Key Facts
- •Claim for damages arising from mesothelioma death of Derek Cuthbert on 5 April 2022.
- •Claim brought by deceased's widow as executrix of his estate.
- •Alleged asbestos exposure during deceased's employment with Taylor Woodrow between 1956 and 1959 at Queenswood School.
- •Claim based on common law negligence.
- •Defendant unable to confirm employment details due to missing records and company dissolution.
- •Deceased's exposure primarily from supervising carpenters cutting Asbestolux boards and sweeping up dust.
- •No protective equipment provided.
- •Central issues: extent of exposure and whether it constituted a breach of duty.
- •Deceased's evidence relied upon, but its reliability questioned due to inconsistencies and time elapsed.

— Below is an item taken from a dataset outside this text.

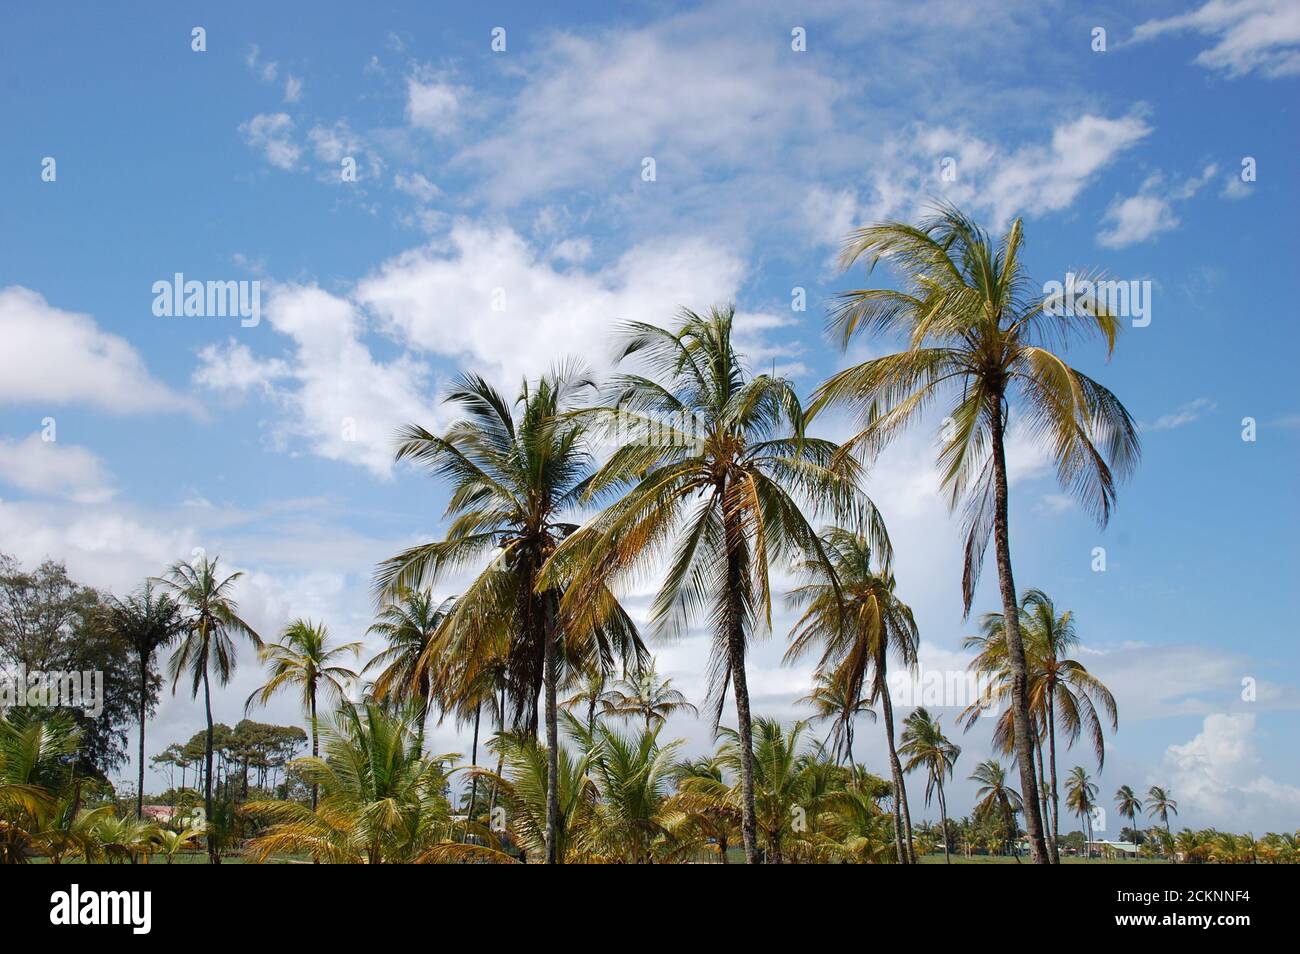 Sud America, guyana francese, Kourou, il boschetto di cocco è un magnifico sito esotico e tropicale situato sulla costa atlantica, vicino alla torre Dreyfus. Foto Stock

- •Expert evidence from occupational hygienists presented conflicting initial findings, later converging on a low exposure level.
- •Literature review focusing on knowledge of asbestos risks in the late 1950s.
Legal Principles
Common law negligence.
None specified directly, but implied throughout the judgment.
Duty of care of a reasonable and prudent employer based on knowledge (actual or constructive) of risks.
Stokes v Guest, Keen and Nettlefold [1968] 1 WLR 1776; Thompson v Smiths Shiprepairers [1984] QB 405
Recognised and established practice is relevant but not the sole test for negligence; foreseeability must be judged by the standards of the time, not with hindsight.
Baker v Quantum Clothing Group Limited [2011] UKSC 17
Even low-level asbestos exposure should have triggered precautions if the employer knew or ought to have known of the risk, especially given absence of knowledge of safe exposure levels.
Hawkes v Warmex Limited [2018] EWHC 205; Jeromson [2001] EWCA Civ 101; Owen v IMI Yorkshire Copper Tube
Degree of exposure is relevant to foreseeability of risk.
Jeromson [2001] EWCA Civ 101
Outcomes
Judgment for the defendant.
The court found that the deceased's exposure to asbestos was low, light, and intermittent, and that a reasonable employer in the late 1950s could not have foreseen a significant risk of injury at that level of exposure. Therefore, there was no breach of duty.